A conventional protection film does not completely prevent the ferroelectric film from deteriorating, therefore, the deterioration of the electric characteristics of the ferroelectric capacitor often occurs.
An object of the present invention to provide a method for forming a protection film which can prevent a ferroelectric film from deteriorating, and a device using the protection film.
According to one aspect of the present invention, there is provided a method for manufacturing a device using a ferroelectric film, the method comprising a forming step of forming a ferroelectric film on a principal surface of an underlying substrate, and a depositing step of depositing an insulating protection film so that the ferroelectric film is covered with the protection film, by a vapor deposition process using high density plasma.
The density of the protection film deposited with the high density plasma is high, and thus deposited protection film has high moisture resistivity.
According to another aspect of the present invention, there is provided a method of manufacturing a device using a ferroelectric film, the method comprising a forming step of forming a ferroelectric film on a principal surface of an underlying substrate, a heating step of heating the underlying substrate and the ferroelectric film, and a depositing step of depositing a protection film after the heating step so that the ferroelectric film is coated with the protection film, without exposing the underlying substrate to the atmosphere.

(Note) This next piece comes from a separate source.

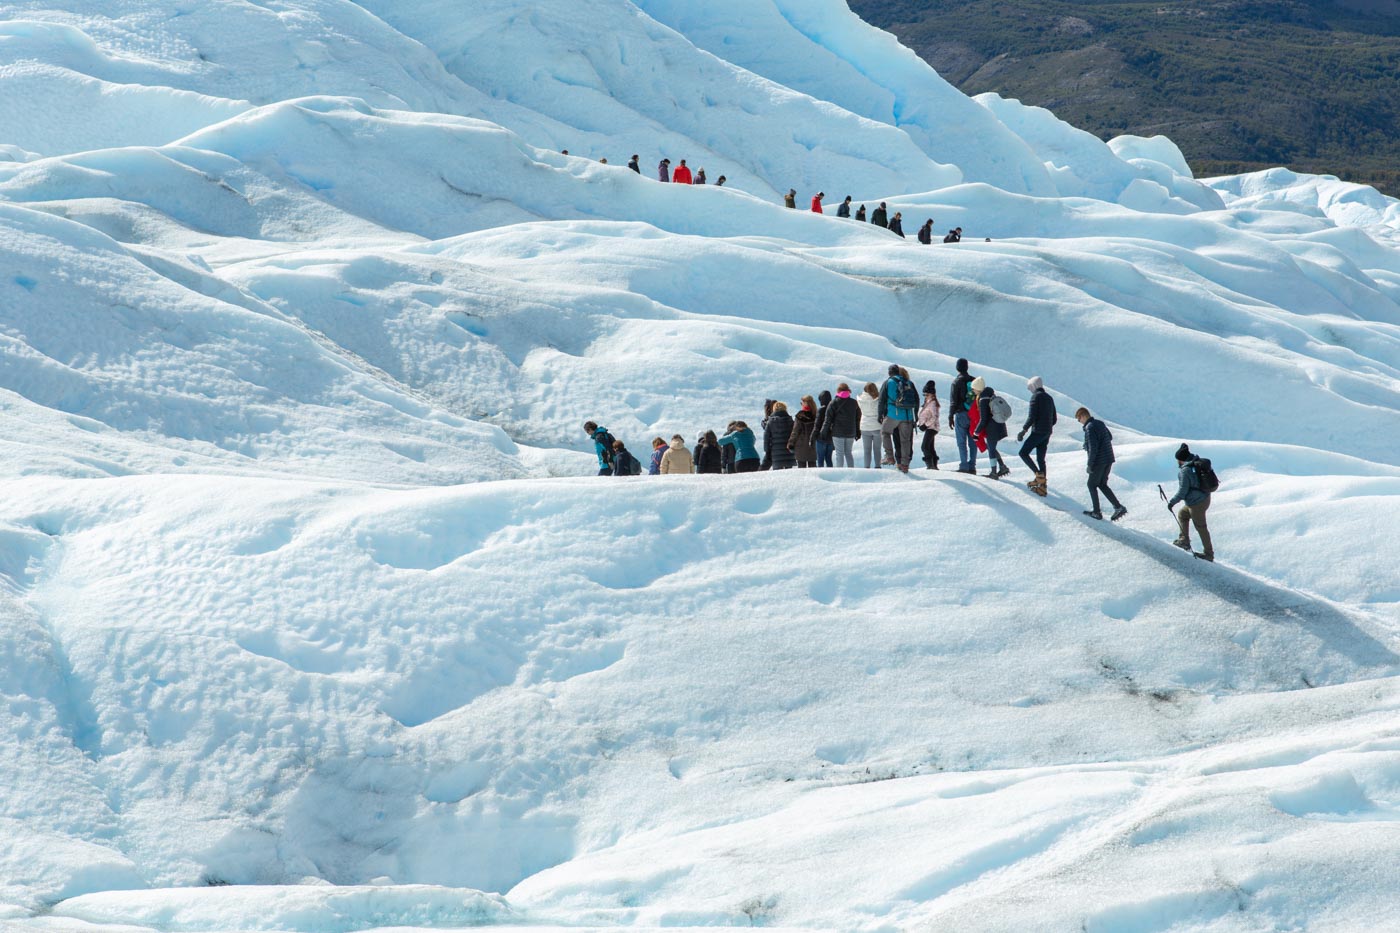 Moreno Glacier, Argentina.

The heating of the underlying substrate before the protection film deposition evaporates the moisture on the substrate. As a result, the ferroelectric film is prevented from deteriorating.

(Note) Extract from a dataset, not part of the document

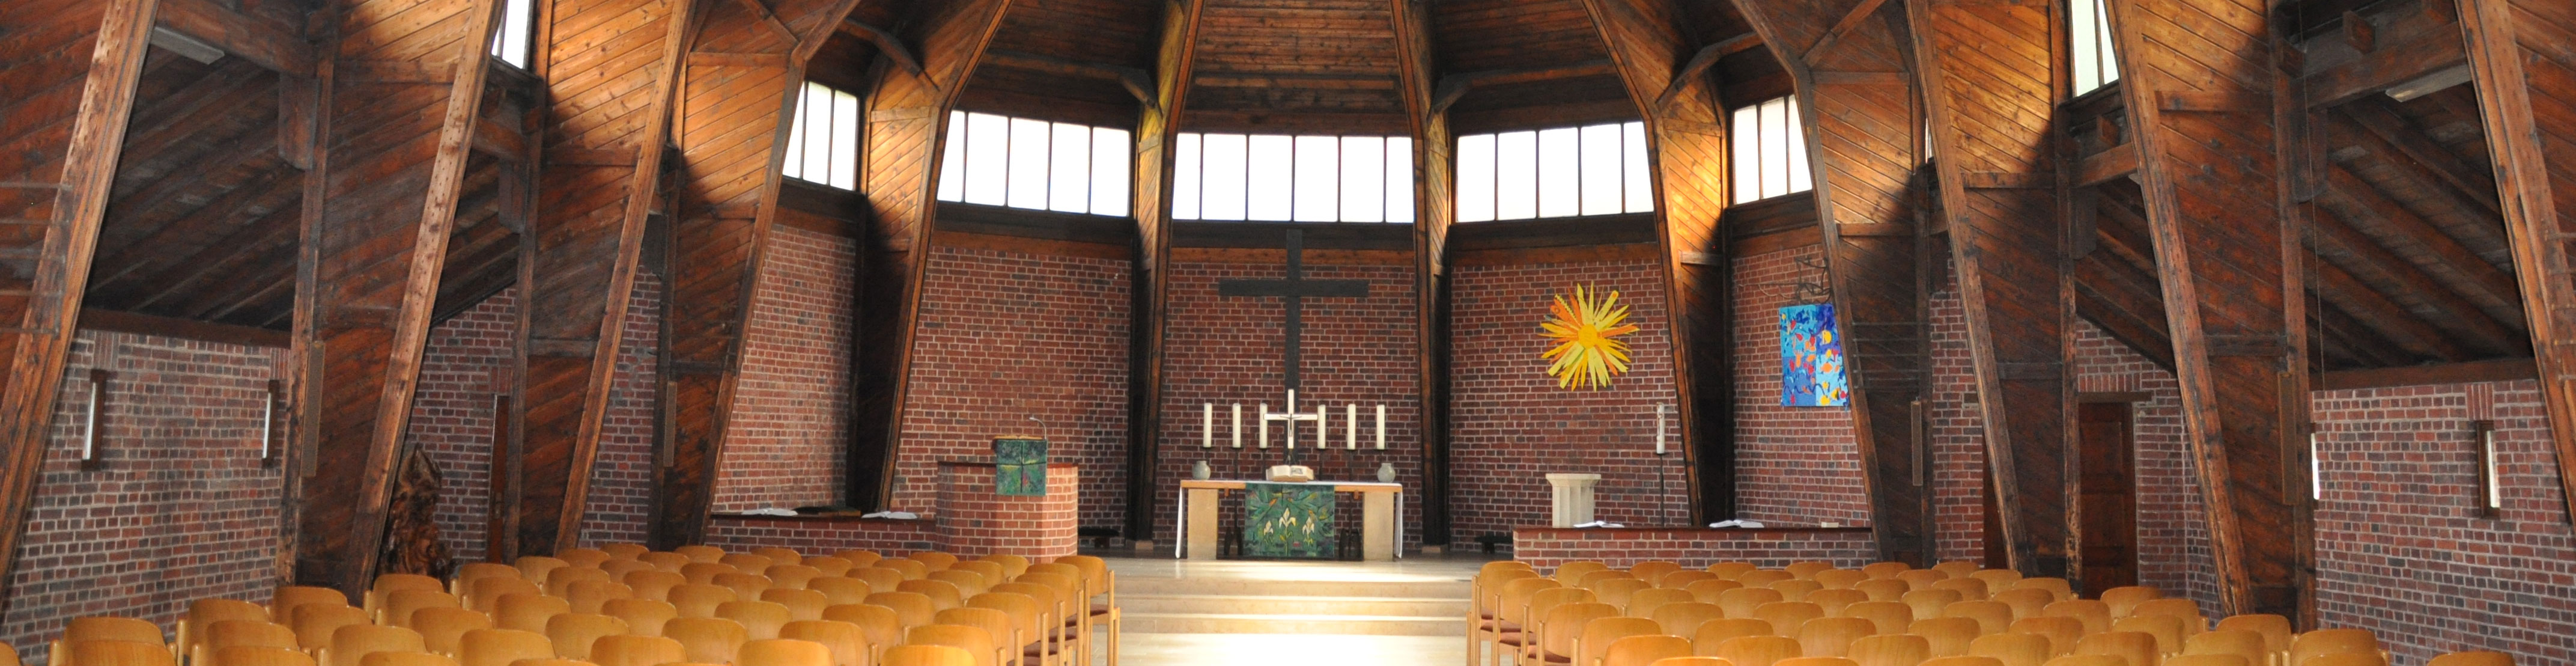 Die Erlöserkirche mit ihrer prägenden Holzbinderkonstruktion im Innenraum

According to still another aspect of the present invention, there is provided a method of manufacturing a device using a ferroelectric film comprising a forming step of forming a ferroelectric film on a principal surface of an underlying substrate, and a depositing step of depositing a protection film of fluorine added silicon oxide so that the ferroelectric film is coated with the protection film, using source gases each having no bonding of with Si and H.

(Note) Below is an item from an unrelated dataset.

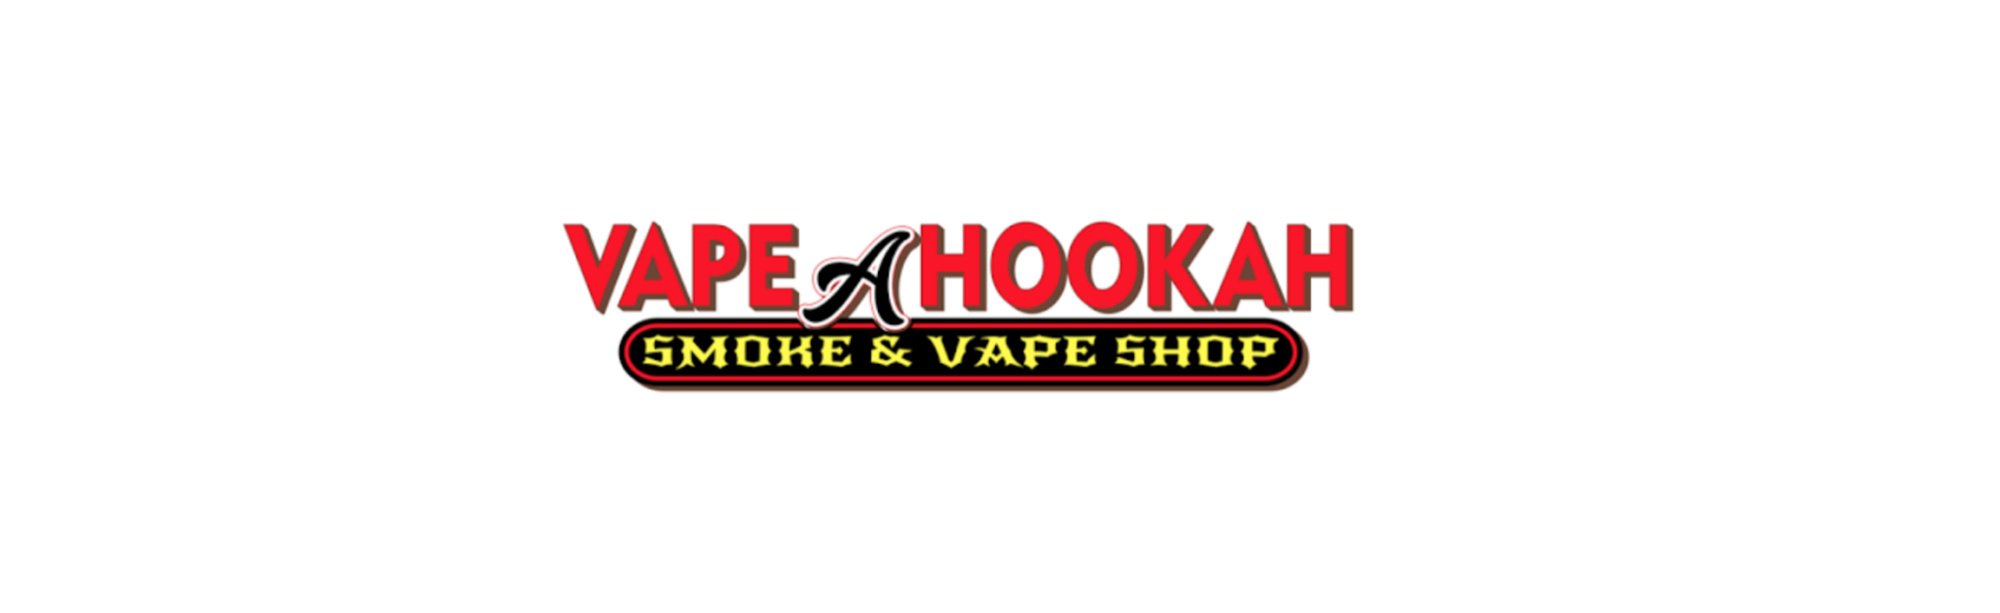 image of vape a hookah smoke & vape shop in mesa az

Using the gases without bonding of Si and H prevents the protection film from taking the hydrogen atoms therein. Reduction of hydrogen in the protection film mitigates a bad influence upon the ferroelectric film in the manufacturing steps which occur afterwards.
According to a further aspect of the present invention, there is provided a device using a ferroelectric film, the device comprising an underlying substrate having a principal surface, a ferroelectric film formed on the principal surface of the underlying substrate, and a protection film of silicon oxide formed so that the ferroelectric film is coated with the protection film wherein peak height of the Fourier transform infrared spectroscopy which corresponds to bonding of Si and H is lower than 2% of maximum peak height corresponding to bonding of Si and O.
Reduction of the hydrogen in the protection film mitigates a bad influence upon the ferroelectric film in the manufacturing steps thereafter.
According to a still further aspect of the present invention, there is provided a device using a ferroelectric film, the device comprising an underlying substrate having a principal surface, a ferroelectric film formed on the principal surface of the underlying substrate, and a protection film of fluorine added silicon oxide formed on the ferroelectric film.
If an SiF4 gas is used as a source gas for depositing a protection film comprising Si. Thus deposited protection film takes fluorine atoms therein. In this case, the quantity of hydrogen atoms in the protection film is reduced to less than that of a protection film deposited with a source gas such as SiH4 which includes hydrogen atoms.
As described in the above, a ferroelectric film is coated with a protection film having high moisture resistivity so as to be prevented from being moistened. Thus, the ferroelectric film is prevented from deteriorating. In the case of a capacitor using the ferroelectric film, the characteristics of the capacitor is prevented from deteriorating.